Dataset content –
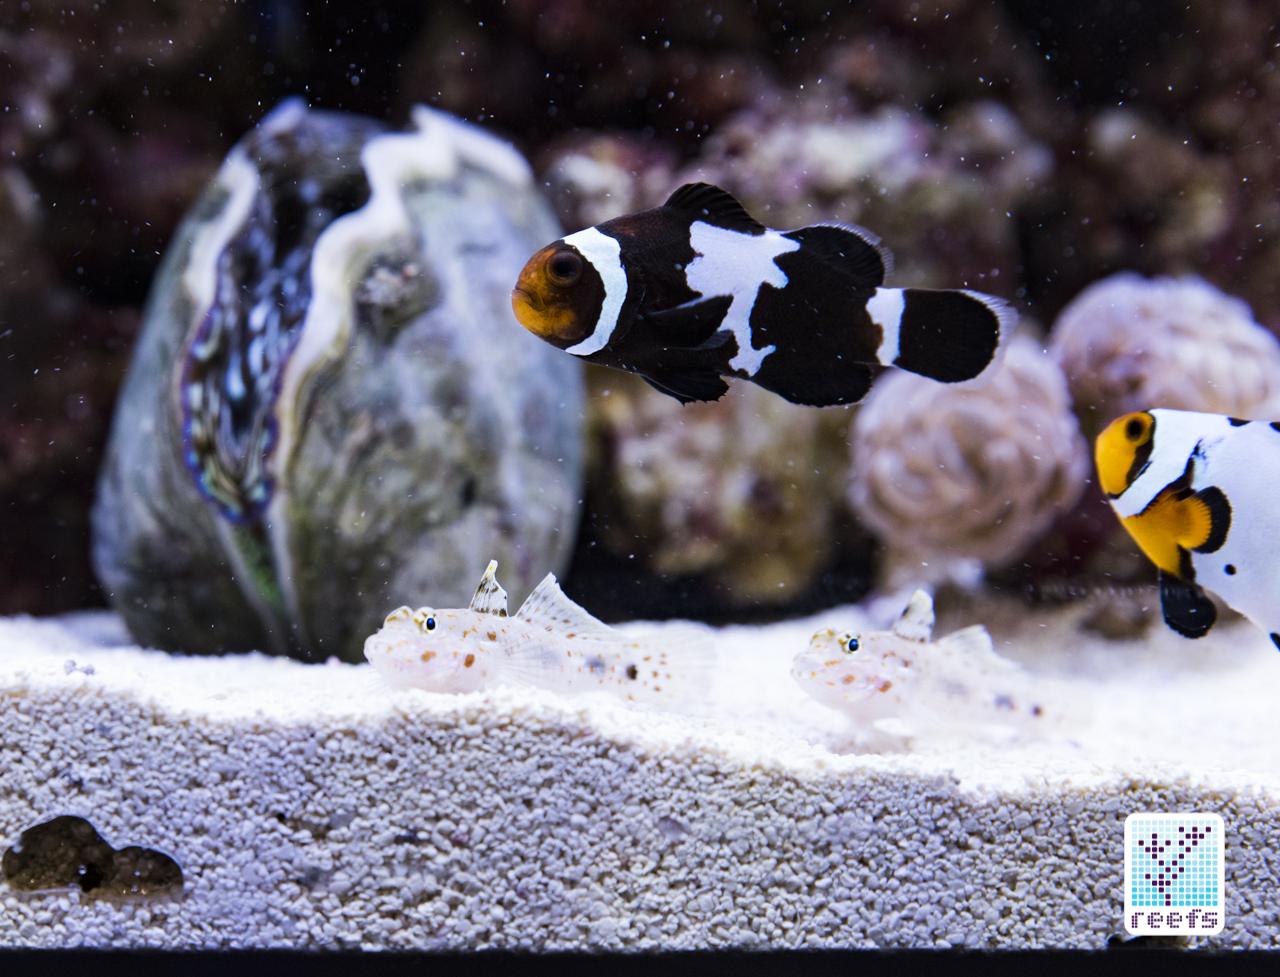 ORA maroon clownfish
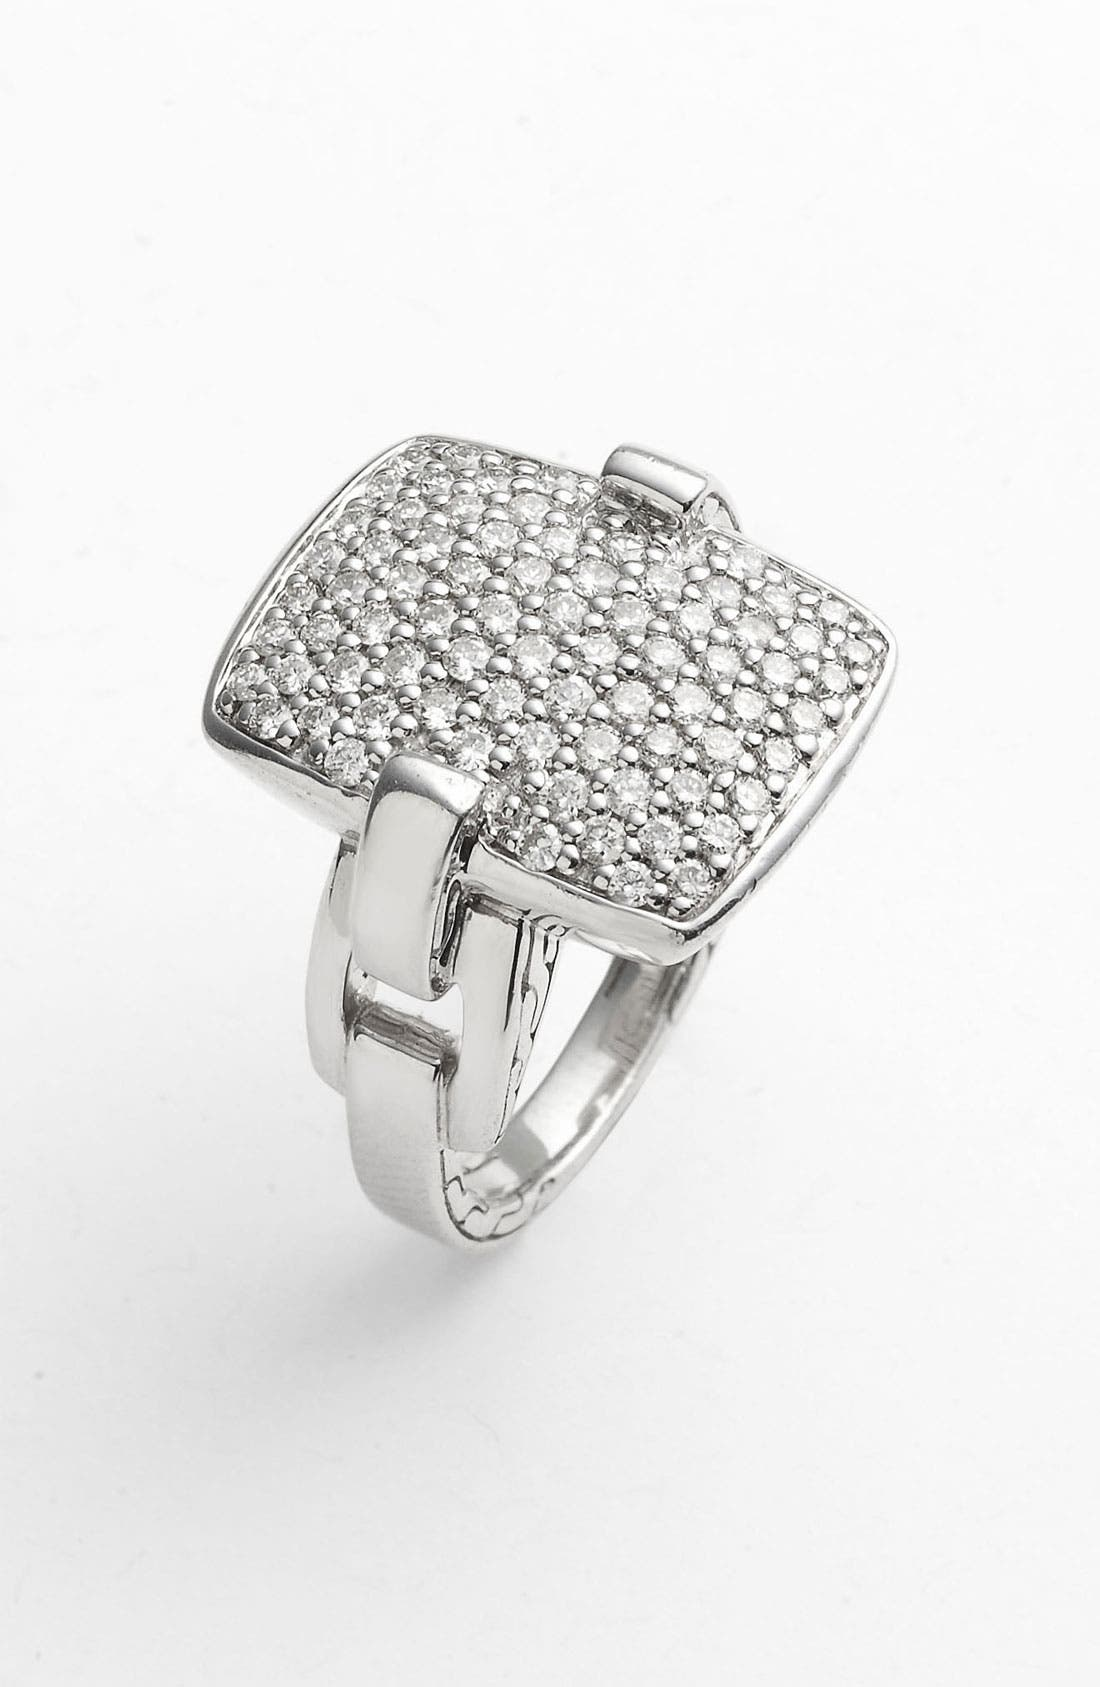 Alternate Image 1 Selected - John Hardy 'Classic Chain' Rectangular Diamond Pavé Ring
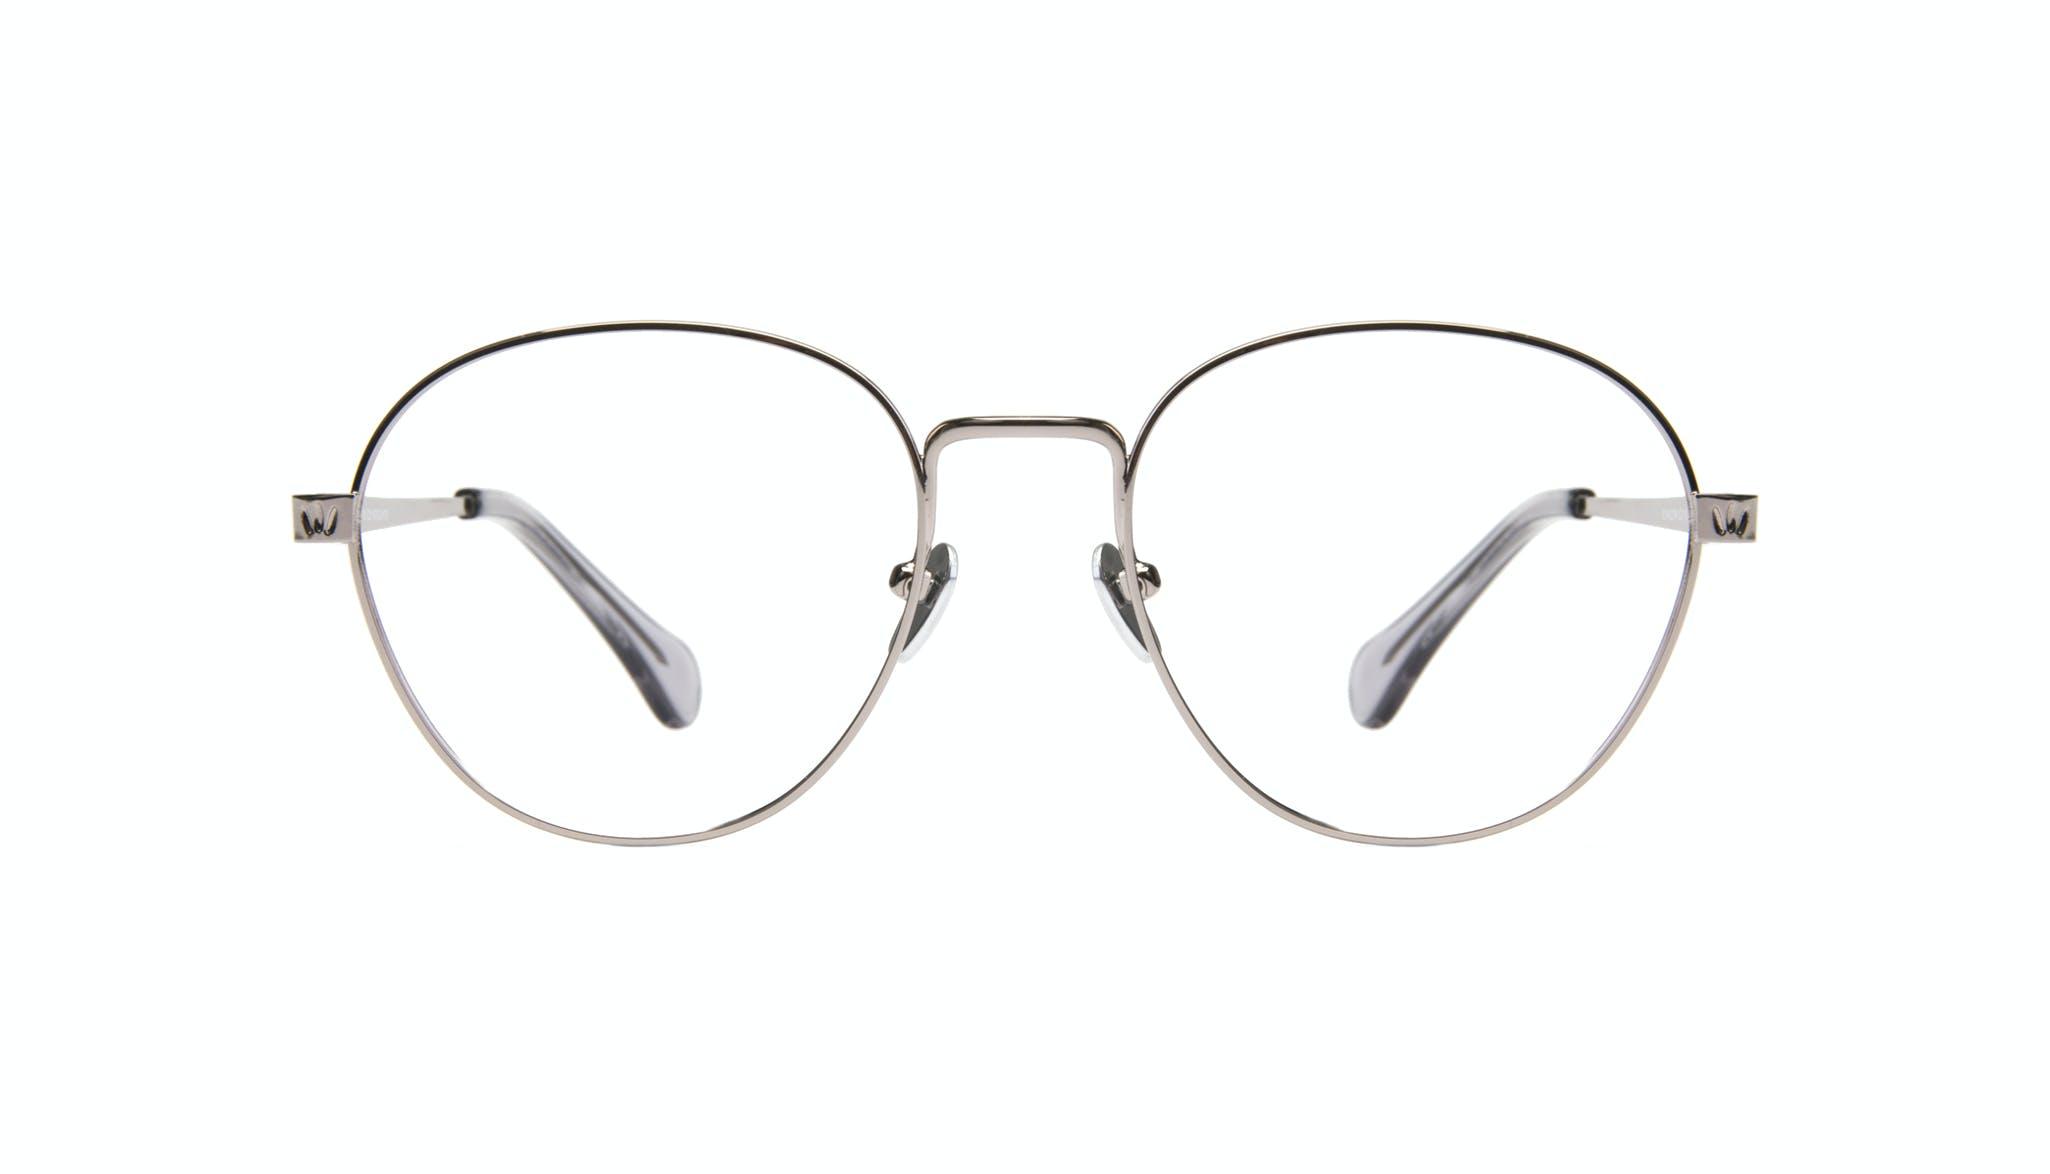 Affordable Fashion Glasses Round Eyeglasses Women Brace Silver Front

What needs to be done – Begin the copy at the line containing "Alternate Image 1" and end it at the final line of the material above, reproducing each line exactly and omitting pictures.

Task output –
 Alternate Image 1 Selected - John Hardy 'Classic Chain' Rectangular Diamond Pavé Ring
 Affordable Fashion Glasses Round Eyeglasses Women Brace Silver Front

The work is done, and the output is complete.